Task prompt -
Retype the data exactly, skipping any picture in it.

Information supplied -
_ _ _ _

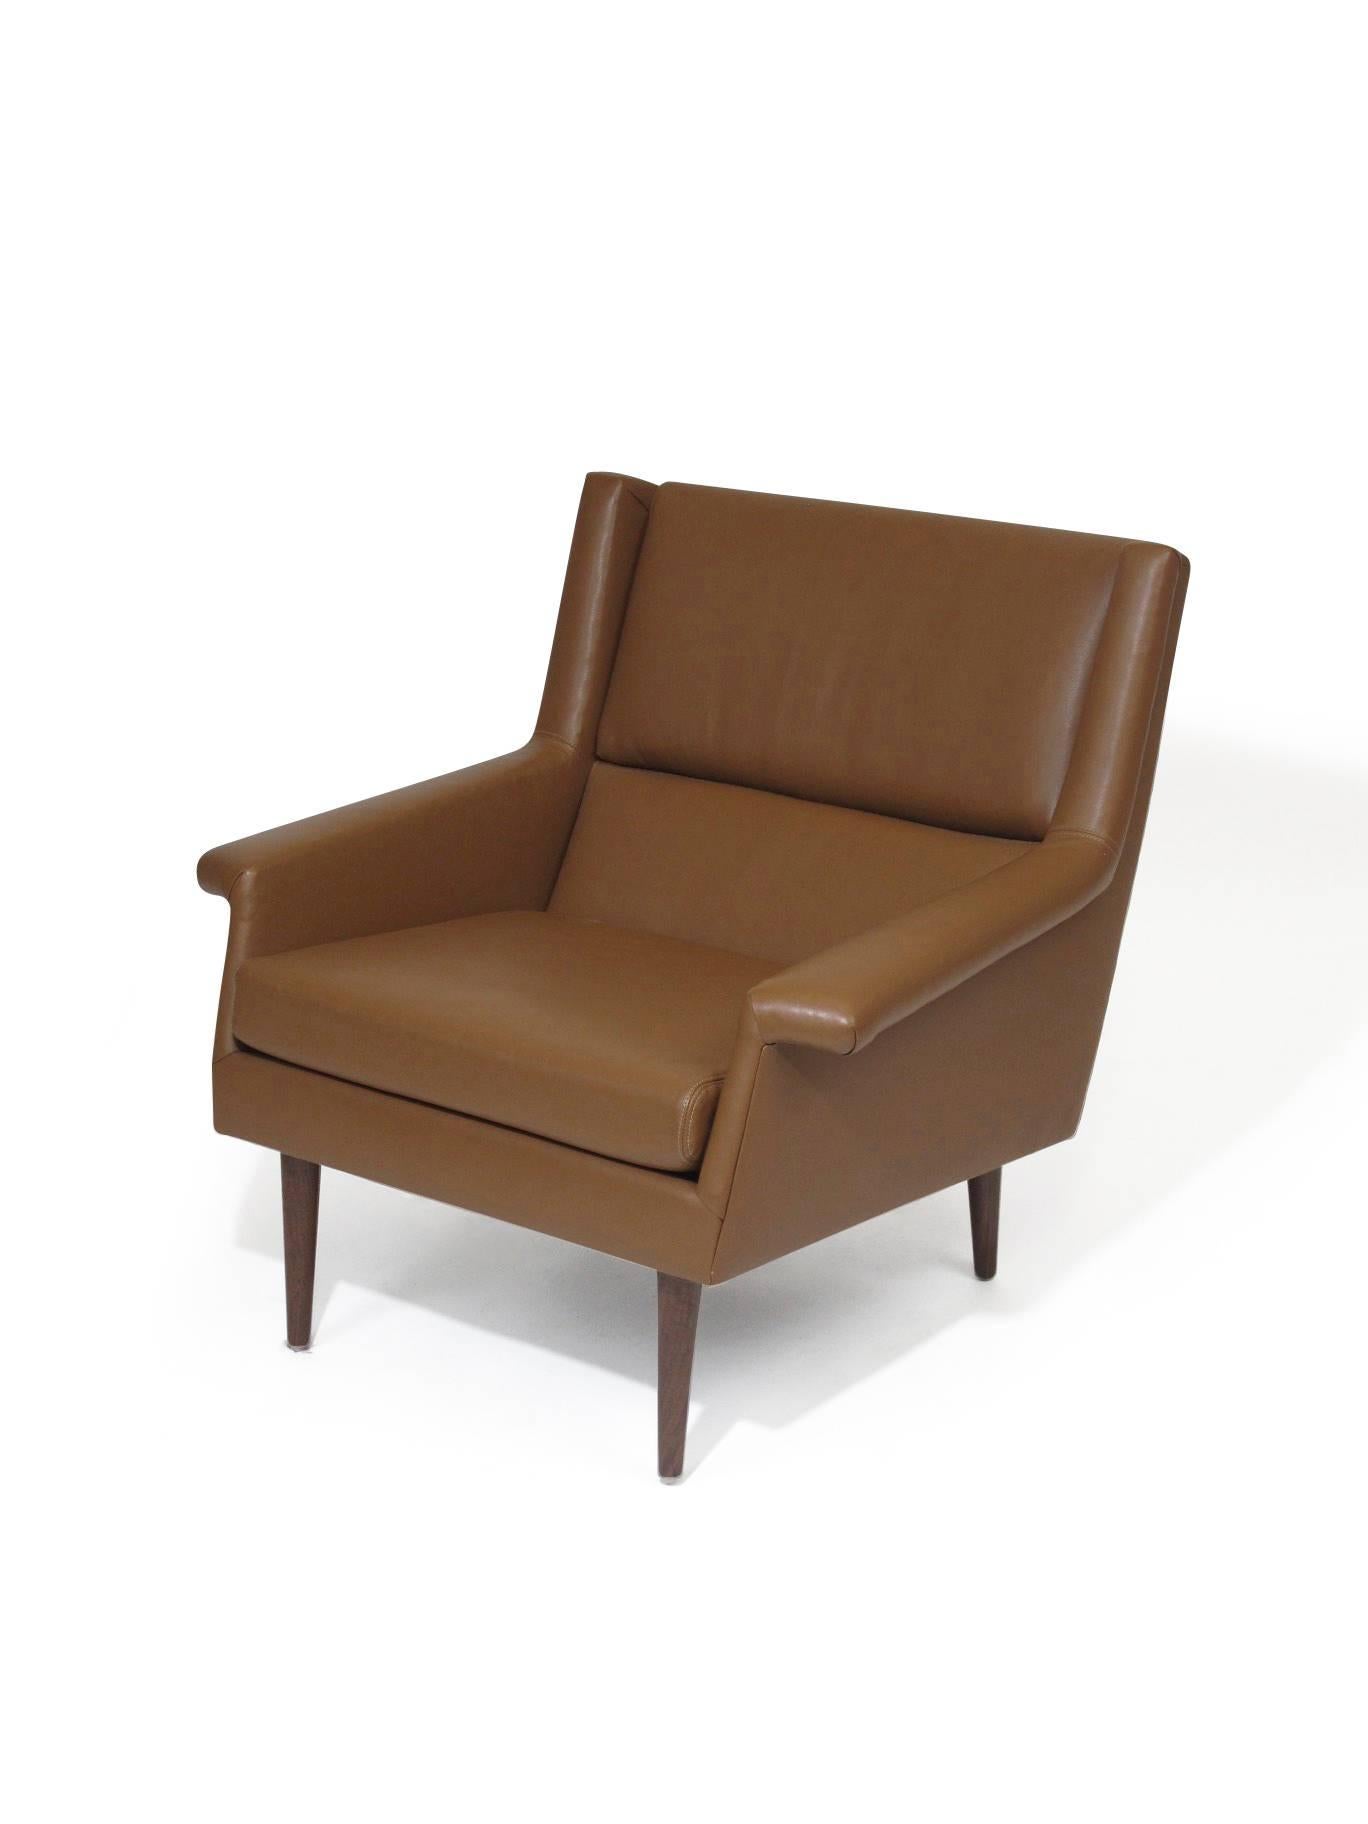 Lounge chair designed by Milo Baughman for Thayer Coggin upholstered in brown leather raised on solid walnut legs.





    
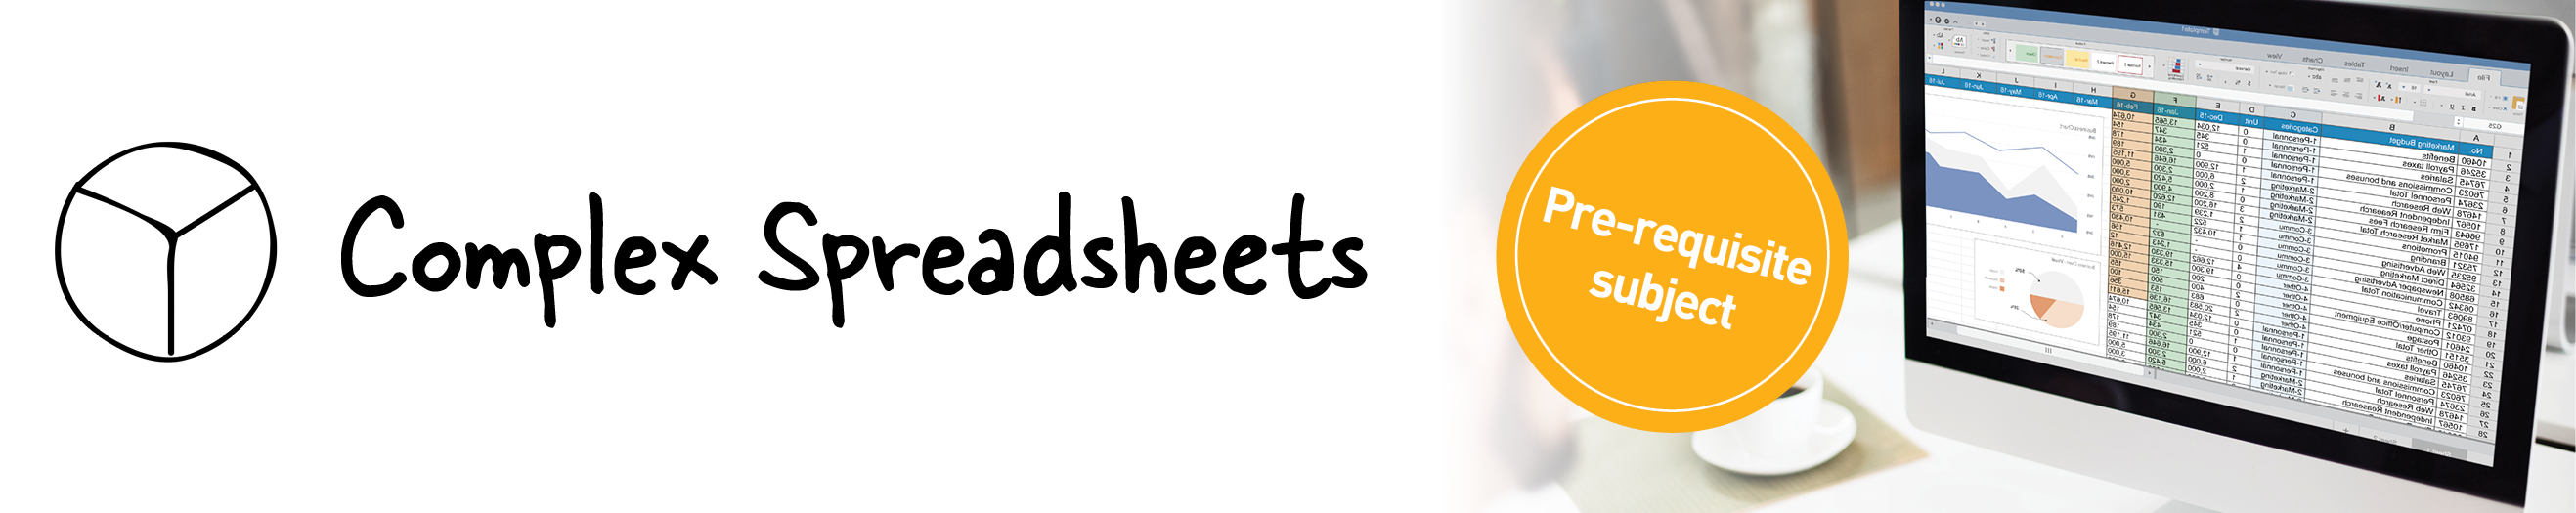 Complex Spreadsheets
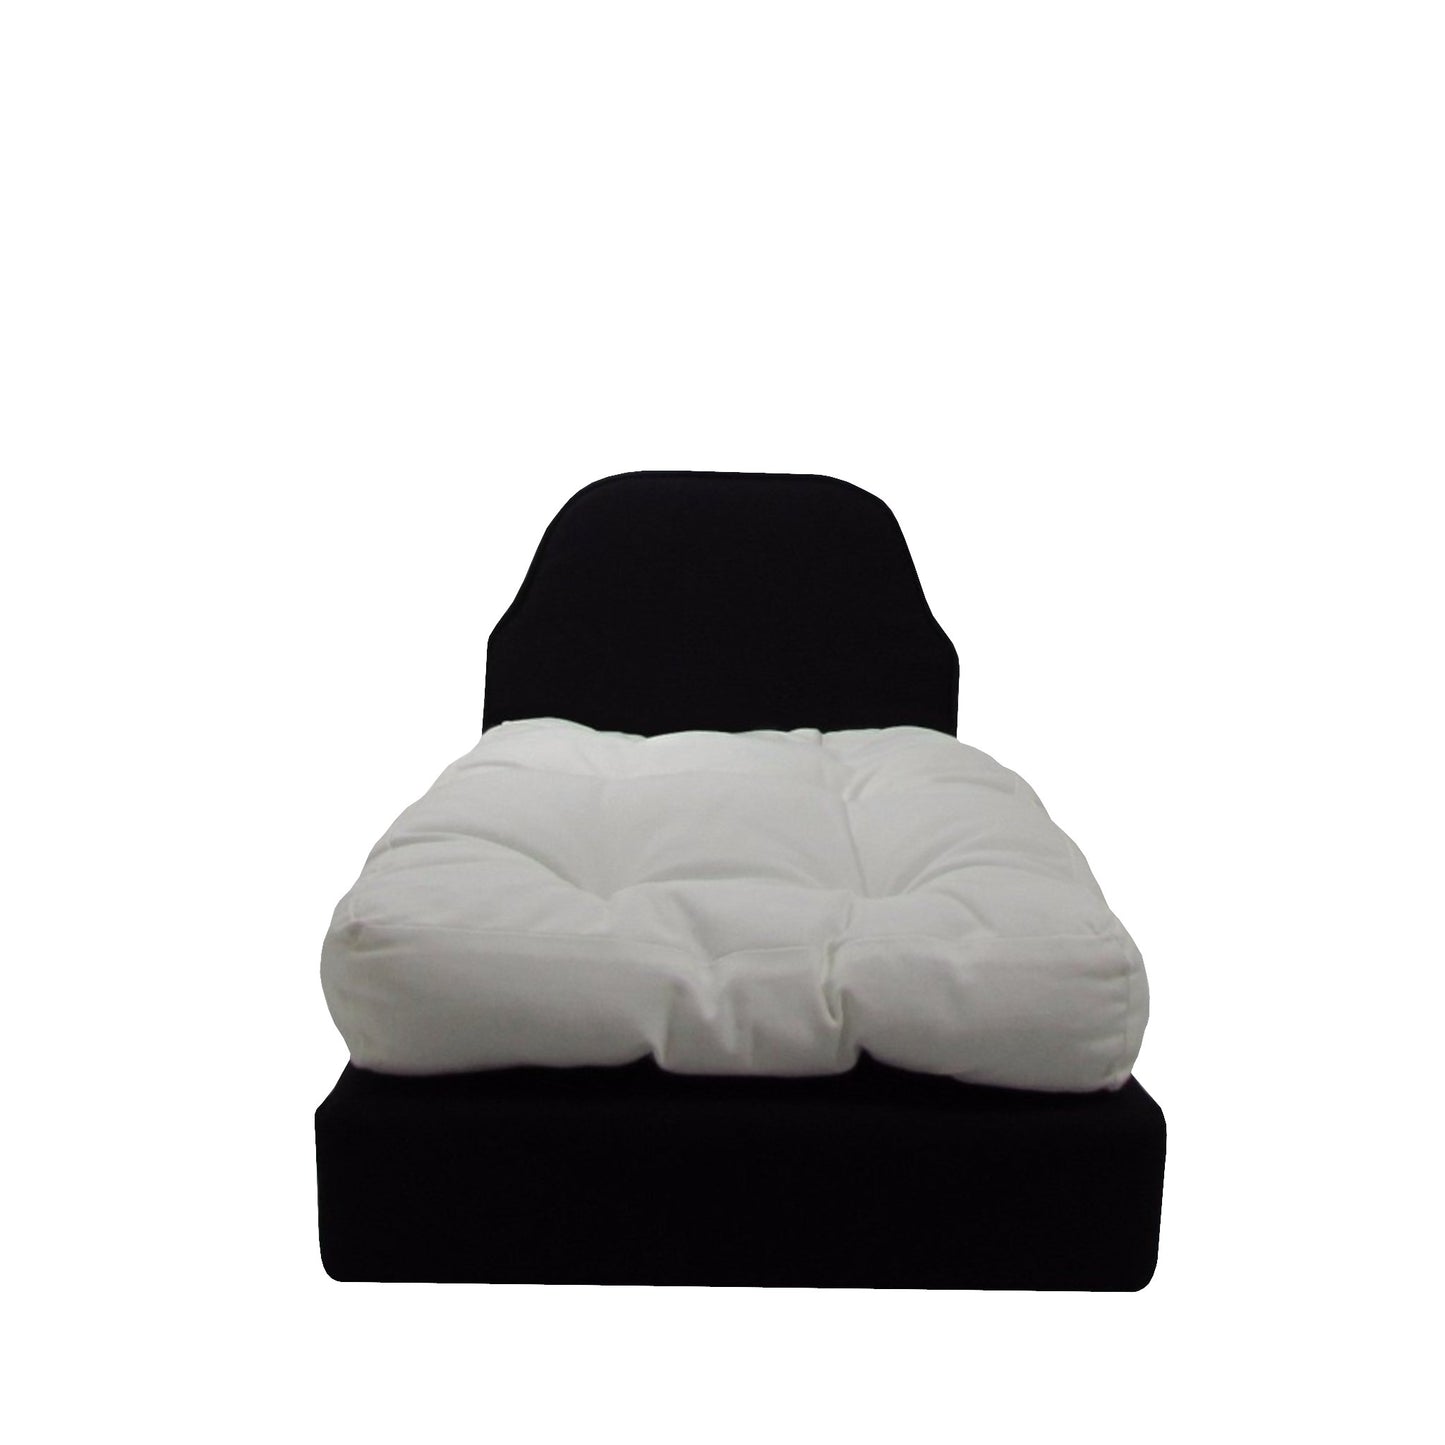 Upholstered Black Doll Bed for 18-inch dolls Second view
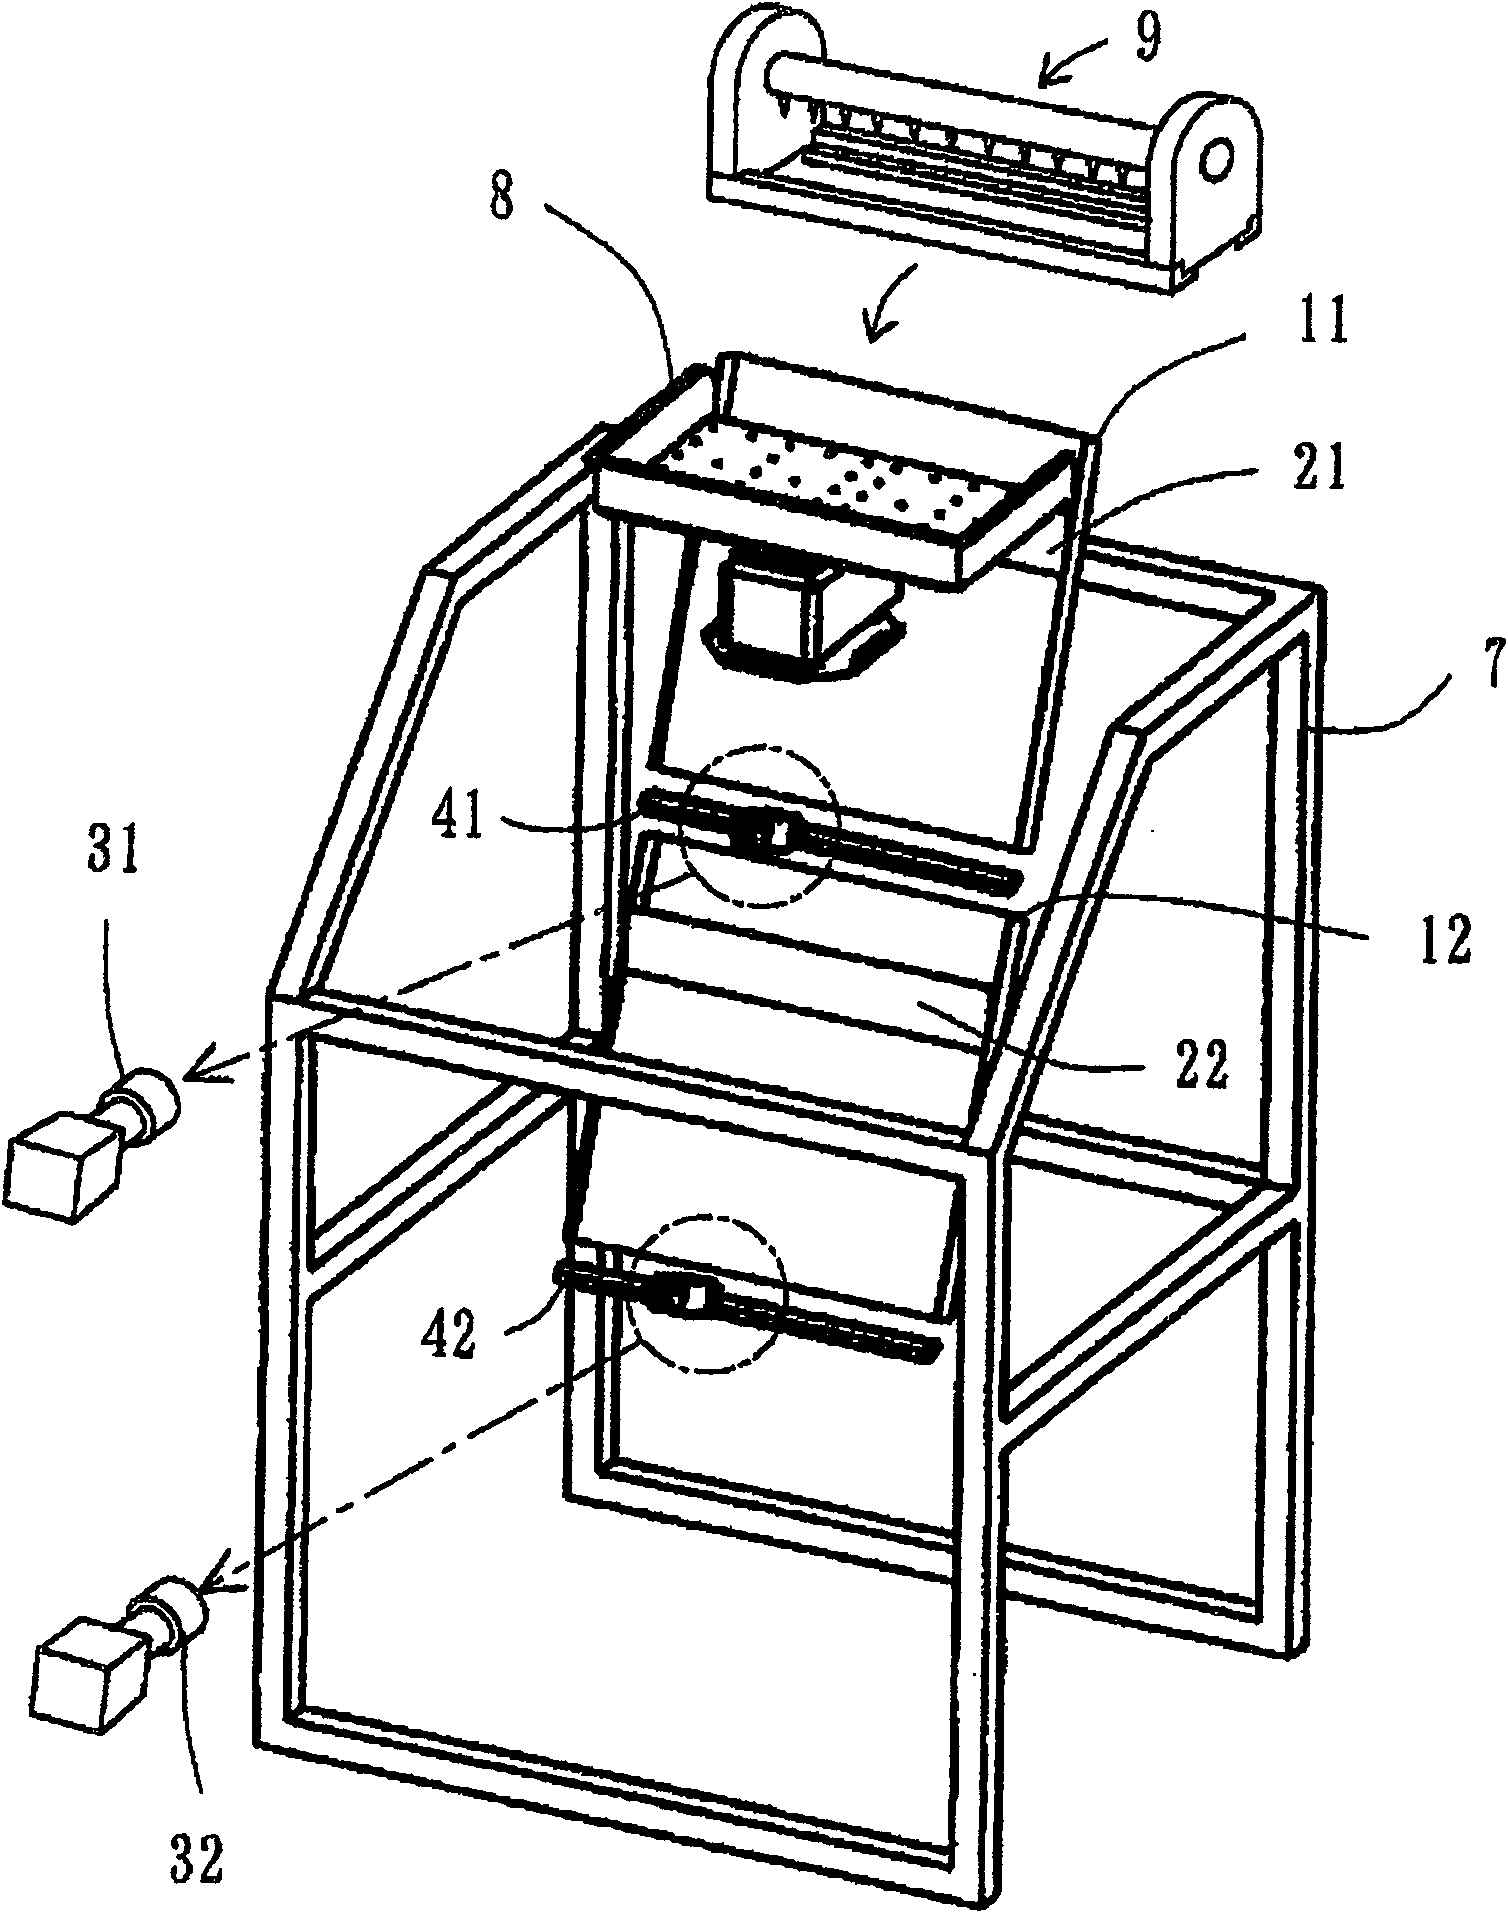 Apparatus for sorting according to colour

_ _ _ _

Exercise answer -
 Lounge chair designed by Milo Baughman for Thayer Coggin upholstered in brown leather raised on solid walnut legs.





    
 Complex Spreadsheets
 Upholstered Black Doll Bed for 18-inch dolls Second view
 Apparatus for sorting according to colour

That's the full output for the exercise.